Леонид Лиходеев - Я и мой автомобиль
Лизавета подумала:
— Выходит, он на нас в суд подаст?
Баба была смекалиста, все соображала. Дядя Вася снова закурил.
— Ну и что? Дело-то гражданское, полюбовное. С кем не бывает, что денег нет? Решать будет он сам, по своему месту жительства. Тут и не узнает никто.
Лизавете не нравился никакой суд, хоть и гражданский, хоть и полюбовный. Сроду она не судилась и упаси боже! Потому что суд может так далеко залезть, что и вообразить страшно. Она сказала:
— Подумаем…
— А чего тут думать? — сказал дядя Вася.
С этими словами он вытащил из кармана две пачечки: в одной десять — сторублевками, в другой две с половиной — четвертными.

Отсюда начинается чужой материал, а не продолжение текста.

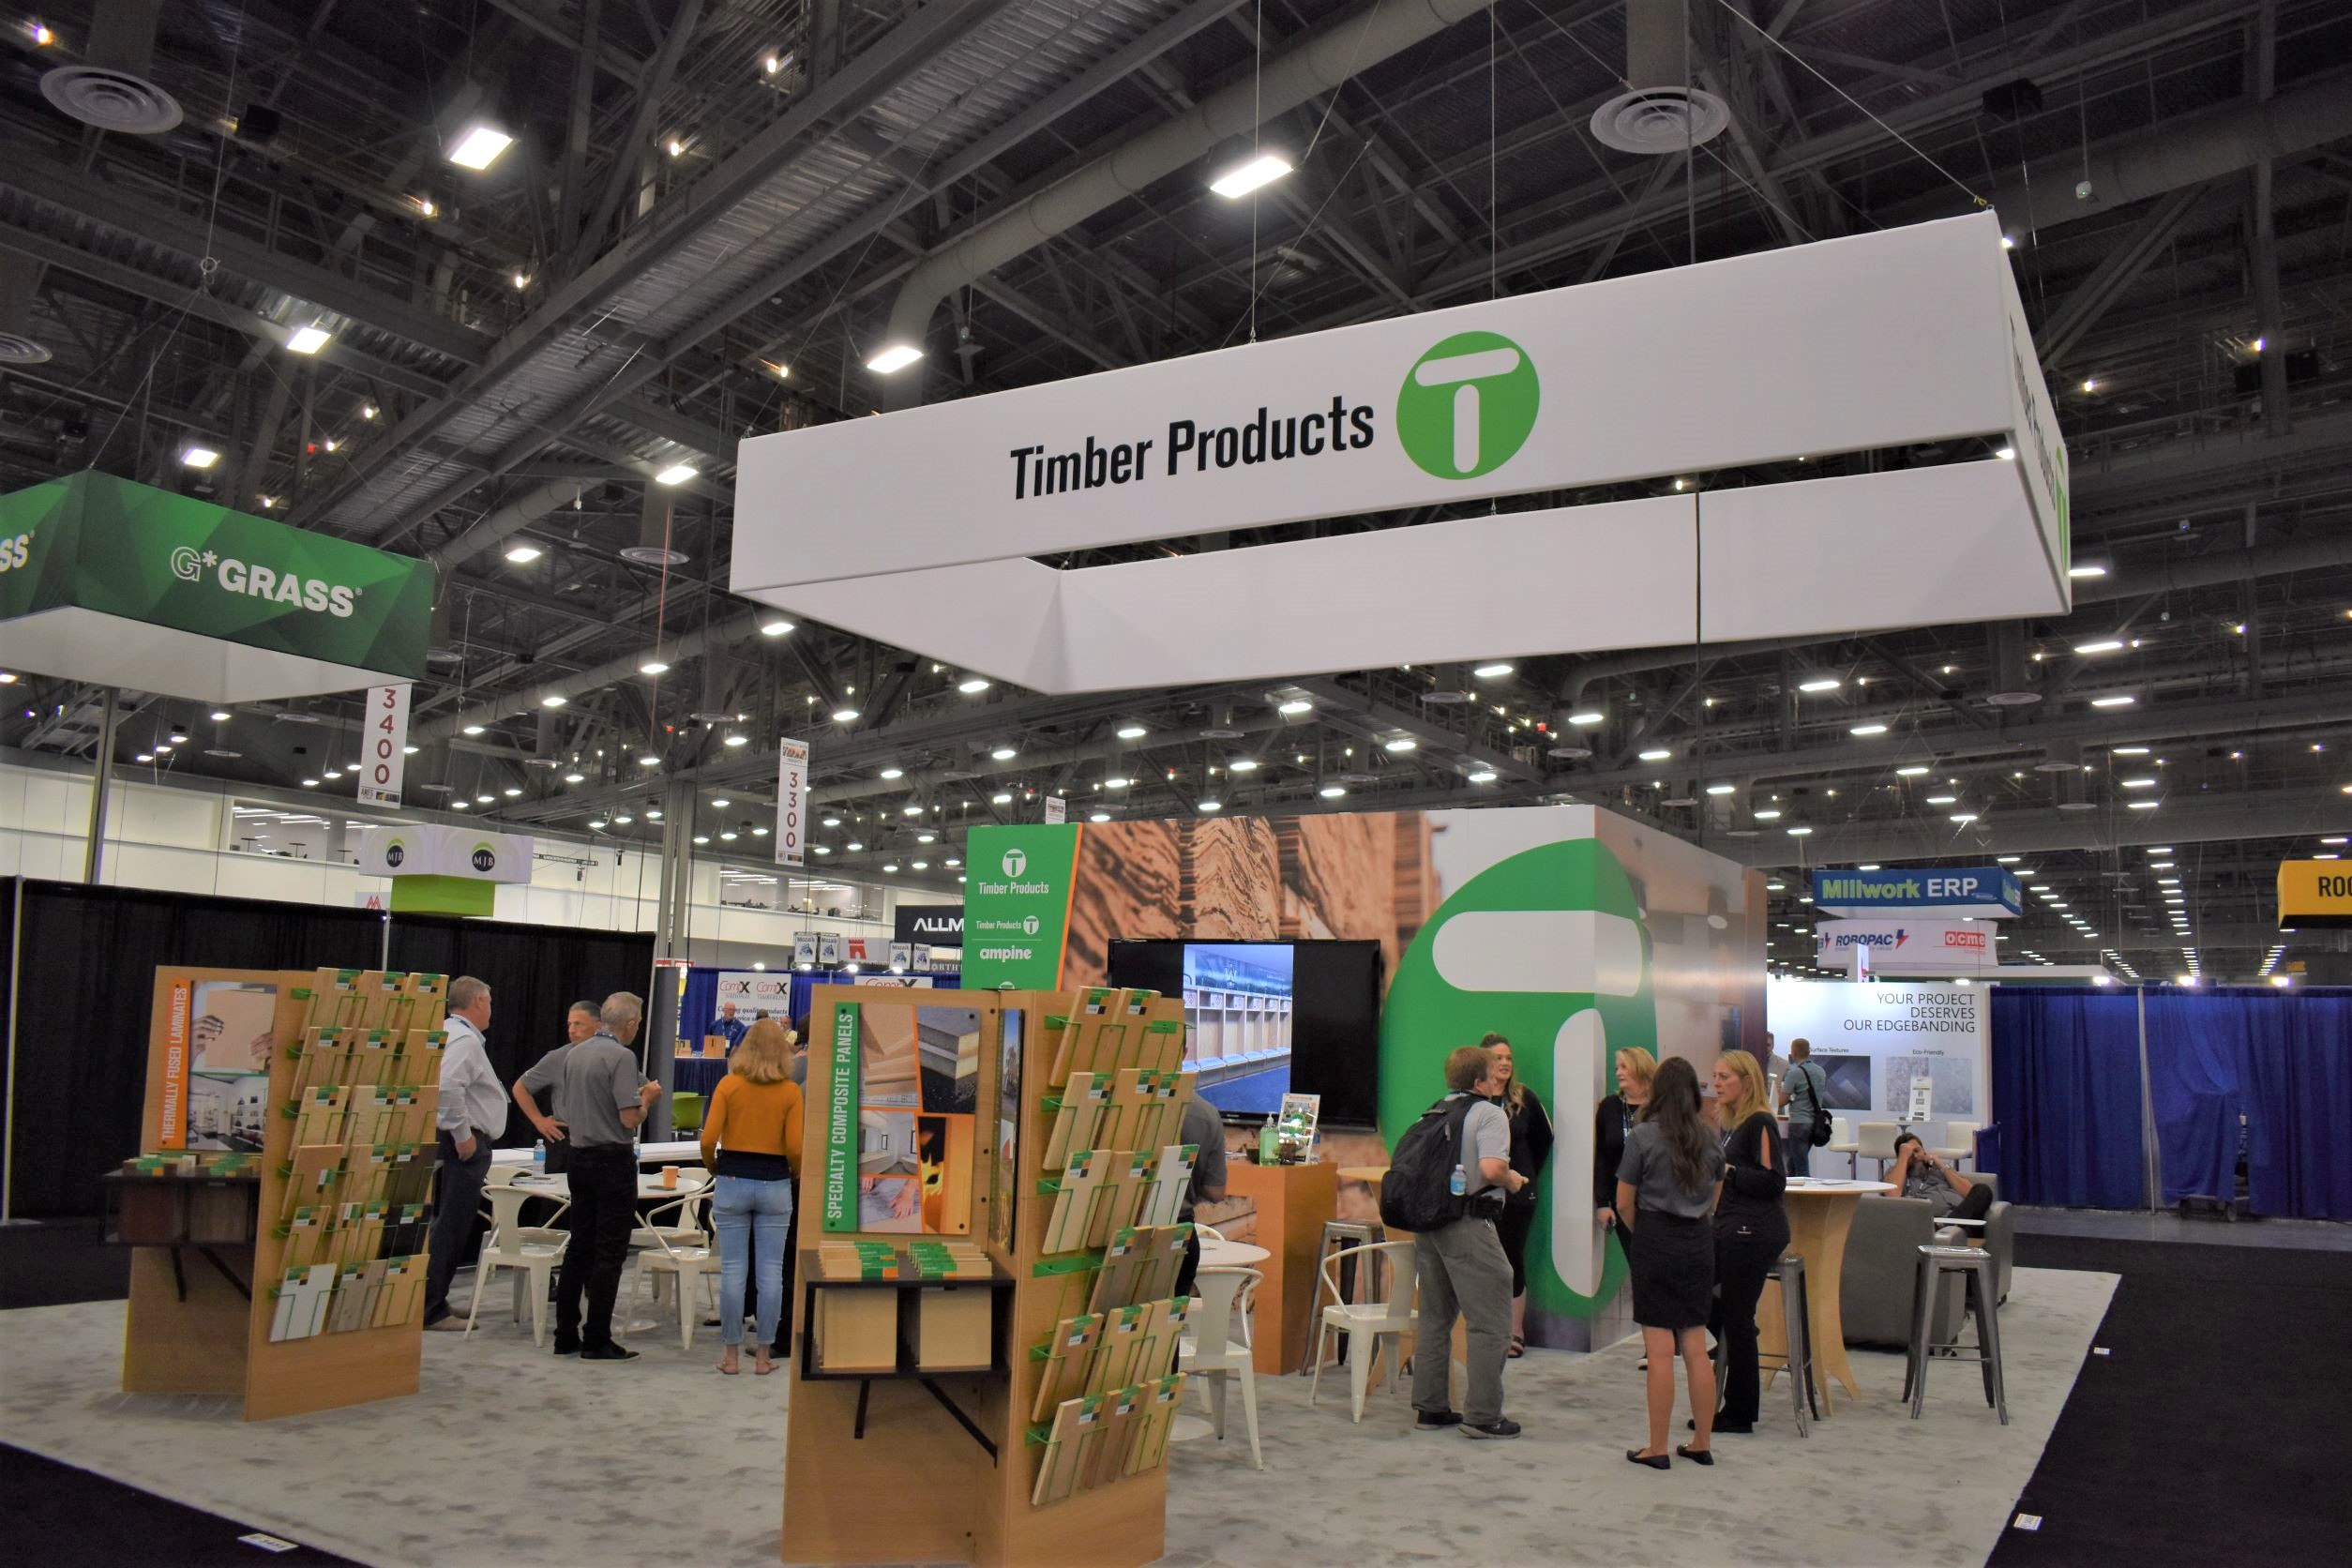 Timber Products tradeshow booth at AWFS

— Я бы, — говорит, — сразу бы все отдал за вычетом пятисот…
Таких денег сразу Картузенки еще не видели. Каждый человек, увидав такие деньги сразу аккуратно заклеенными и готовыми к употреблению, сам себя зауважает.
— Зачем же вычитать? — полюбопытствовала Лизавета.
— А мне-то причитается что-нибудь? — ответил дядя Вася.
— Тебе? А тебе за что?
— На глупые слова нет ответа.
— А ты таки ответь: за что тебе пятьсот рублей? На пропой и сотни хватит.
Дядя Вася встал, пряча денежки.
— Мне эти деньги доверены, чтобы вам показать. Я их никак не распечатываю, имея совесть. А вот вам какого рожна еще надо — не пойму…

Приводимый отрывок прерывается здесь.